10 Nostalgic S’pore Landmarks 80 Years Apart That Give Us The Pre-NDP Feels

S’porean Landmark Photos, 80 Years Apart

It’s a well-known fact that Singapore has evolved by a lot in the past few decades but how did it look like?

Those born in the late ‘90s and early 2000s can get a glimpse of Singapore’s history through the Facebook page — The Long and Winding Road. Local blogger – Jerome Lim – creates side-by-side photographs comparing scenes of the city from 1930s to the present.

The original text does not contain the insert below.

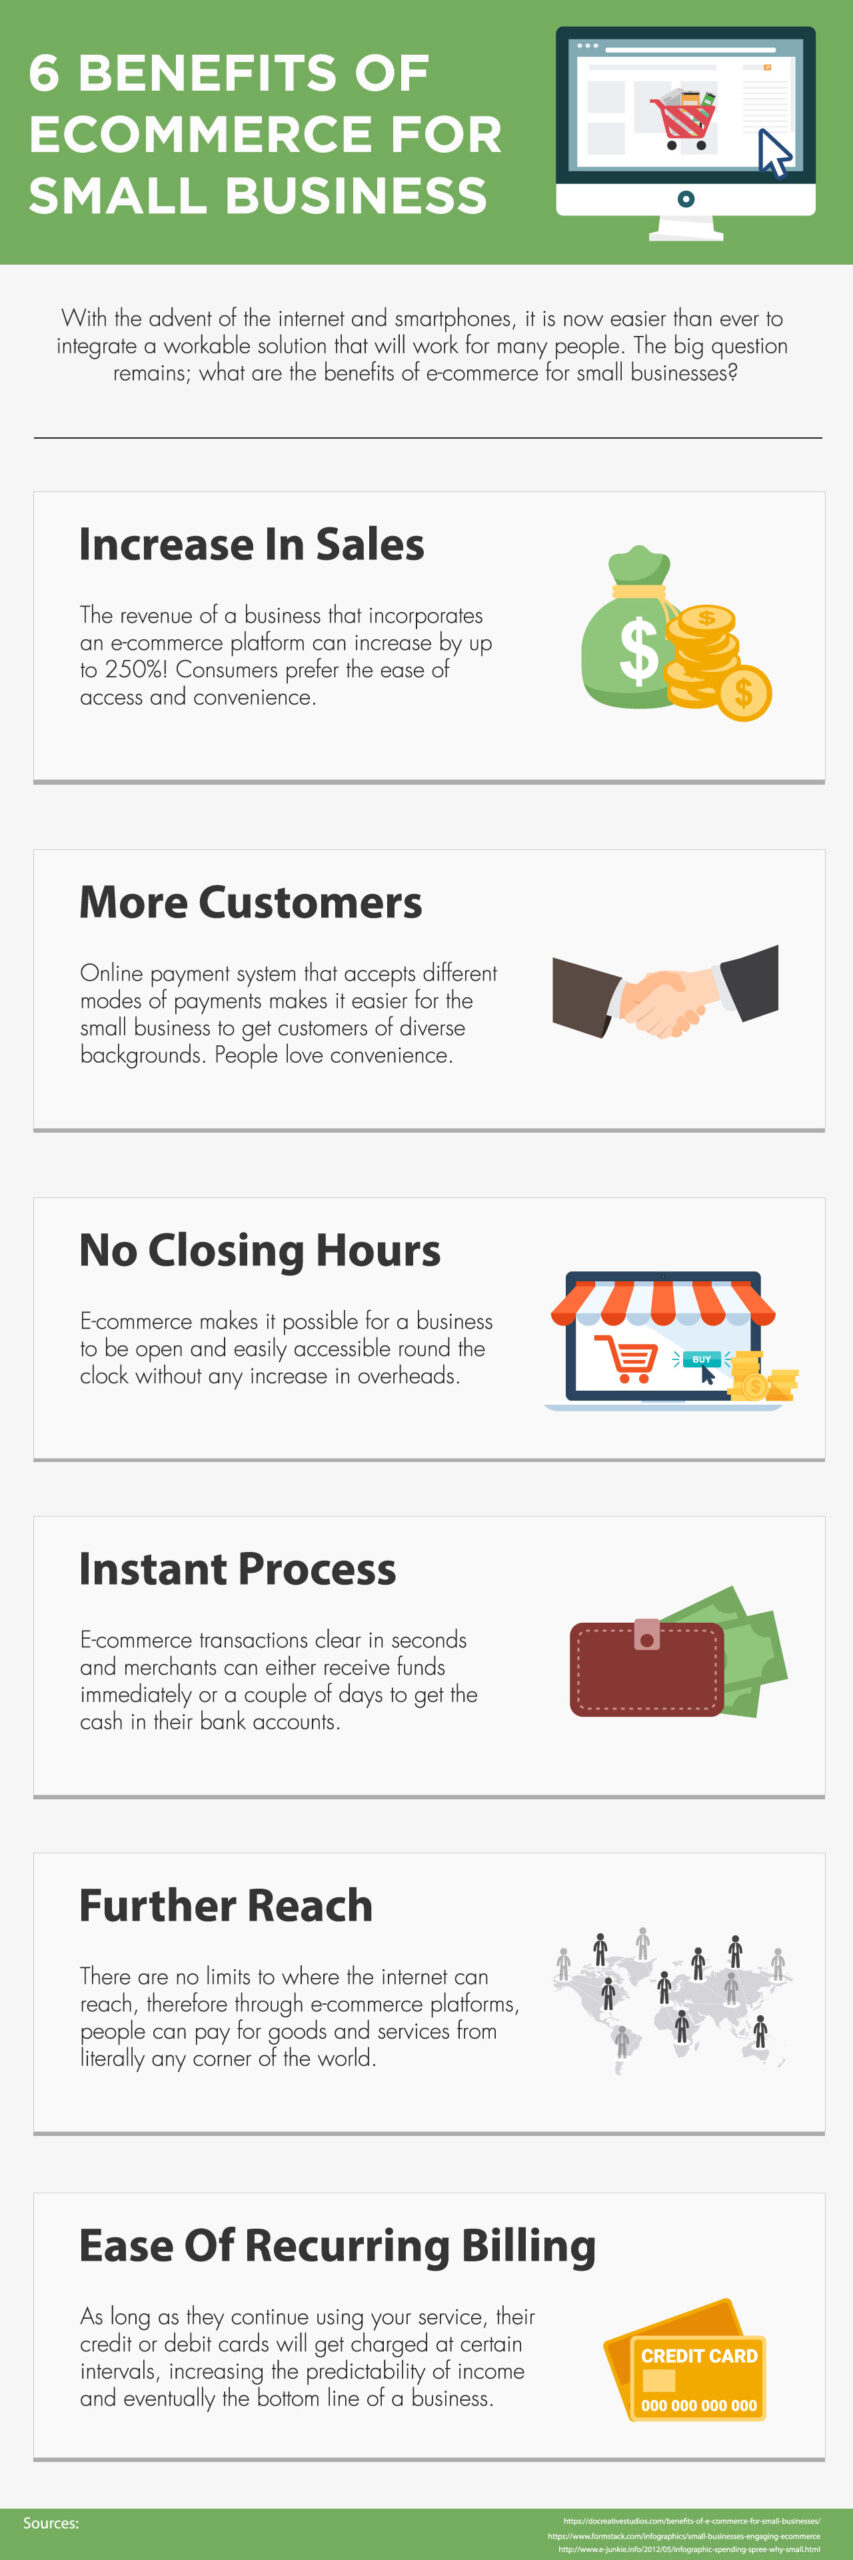 6 Benefits of eCommerce

They say the world keeps changing but there’s always something, somewhere that remains the same. In this post, try to spot the similarities between the side-by-side photos of Singaporean landmarks which were taken up to 80 years apart.

1. Cenotaph


Before the Queen Elizabeth Walk was built in 1950, the Cenotaph war memorial stood beside the sea. Fast forward to 2019, it sits in the middle of Esplanade Park. While the surroundings have dramatically changed, we’ll never forget the war veterans who gave their lives in World War II.

2. Sungei Rochor


The modern day Sungei Rochor looks like an entirely different place from the river filled with sampans.

3. Marina Bay Sands


It’s hard to imagine Singapore without the Marina Bay Sands but this is how the river area looked like 40 years ago, based on this picture.

4. Tan Kim Seng Fountain


The Tan Kim Seng Fountain was built in 1882 and is currently located in Esplanade Park. The fountain is the only thing which looks similar as buildings and land reclamation projects progressed in the decades to come.

5. Singapore Bund


In the 1930s, the Singapore Bund featured grand edifices that look strikingly similar to Shanghai’s Vaitan embankment.

The four buildings in the older photo includes the Ocean building, the Union Insurance Building, the Shanghai Bank Chambers and the GPO Fullerton. Today, the site is home to towering skyscrapers and buildings.

6. Singapore River


We all know that Singapore was once a small fishing village, but this photo will visually transport you back to the past. The river where fishermen once endured arduous physical labor is now a quaint and clean place for relaxation.

7. Middle Road


During the 1930s, Chuo Dori – also known as the Middle Road – was home to the Japanese community before WWII. Elders might miss these ornate Victorian houses and the nostalgic large windows.

8. North Bridge Road


The North Bridge Road at Bras Basah once had shophouses with ornate roofs brimming with merchants. Now, the Carlton Hotel and other buildings have taken its place.

9. Corner of Serangoon and Balestier


The corner of Serangoon and Balestier is one of the few places where time stood still. While shops have come and gone, the charcoal shop, a kopitiam turned lounge and the Singapore Institute of Science still reside in the area.

10. Fort Canning Hill


The Gate of Fort Canning has always been surrounded by trees and lush foliage. But did you know that it was once where a military headquarters was located and a place of refuge during conflicts?

Remembering local landmarks

Now that we have Mr Jerome Lim’s compilation, we can better appreciate the country’s accomplishments with a clearer picture of our humble beginnings. While we’ll never see some of these structures in real-life, it’s important to honor the past and look forward to the future.

With so many planned projects and structures, we’re excited to visualise how Singapore’s landmarks will change in the next 50 years.

Do check out The Long and Winding Road for more brilliant content like this, and we hope that Mr Lim continues his labour of love for our 55th birthday & beyond.